Line up the sheets so the seams run down the middle of the studs. This way each
piece will have a 3/4" surface to nail to. When you lay out the sheets, utilize the
straight factory edges. Eliminate slight bows in the wall studs by pushing them to
run evenly with the edge, then nail the sheathing in place.
NOTE: Give a lot of attention to making straight cuts. You'll probably need to use
some of these scrap pieces and they'll fit better with straight edges.
6. Raising & Bracing Walls
Now the wall is ready to be raised. This may require some extra
muscle, so get a few people to help out.
With the wall still laying flat, position the bottom plate on a
previously made chalkline mark (its width from the edge). Tack
the bottom plate by toenailing a few nails through the top of the
bottom plate to the subfloor.
Slowly walk the wall upright. The tack nails will help hold the wall in place. Tap the
wall flush and square it into place with a sledgehammer. Nail the bottom plate to
the subfloor -- into the floor joists if possible.
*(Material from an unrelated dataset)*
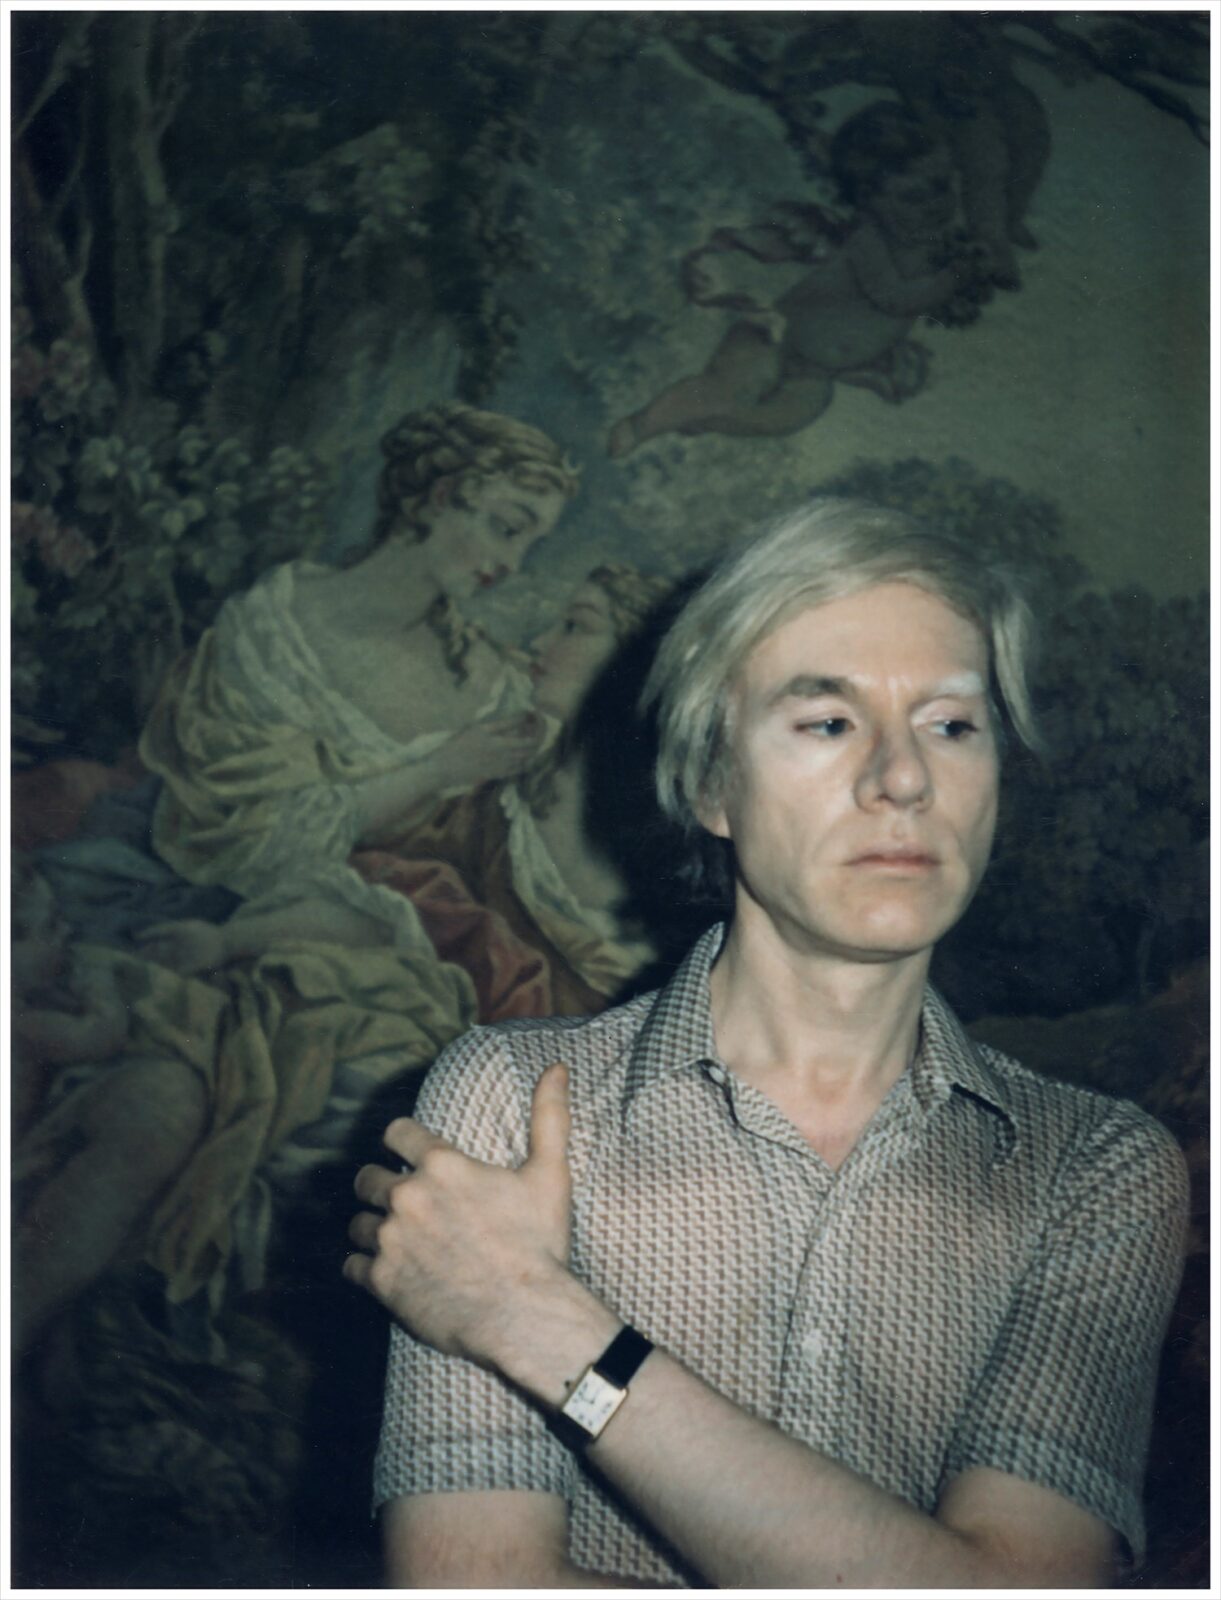 Andy Warhol - The Andy Warhol Foundation for the visual arts

When the wall sections are nailed together, additional corner
bracing is needed until the roof is framed to keep the walls from
swaying.
Overlapping the corner joints, nail the remaining cap plate sections
on the top plates. You may be able to take some slight bows out of
the top plates, but they'll need bracing.
Run a stringline to check how straight the top plate is. Straighten any top plate
bowing by pushing a brace board into the plate until it's flush. Anchor the brace by
nailing it to a stake driven into the ground.
Place 2x4s diagonally from the top corners to the rim joist, a long brace on one side
and a short brace on the other. However, this is just a guideline. You may need
even more bracing for your project.
Wall Framing Questions
This information will be on future tests/quizzes and the exam.
1. Label these
parts of the
wall:
2. What is conventional stud spacing?
3. What is the difference between a load bearing and a non-load bearing wall?
4. What is the purpose of building paper?
5. How much larger should the R.O. of a window be for better insulation?
6. Draw a three-stud arrangement for an exterior wall corner.
7. What is the function of the sole plate?
8. What is the common length of wall studs?
Why are studs measured at this odd
distance, and not a more round measurement?
9. What are cripples and jacks?
10.
Why are headers needed?
11.
In what kind of structure are extra studs used and why?
12.
Describe the steps of plate layout.
13.
What are the common materials used in exterior wall sheathing?
14.
Describe the 6 steps when assembling a wall section.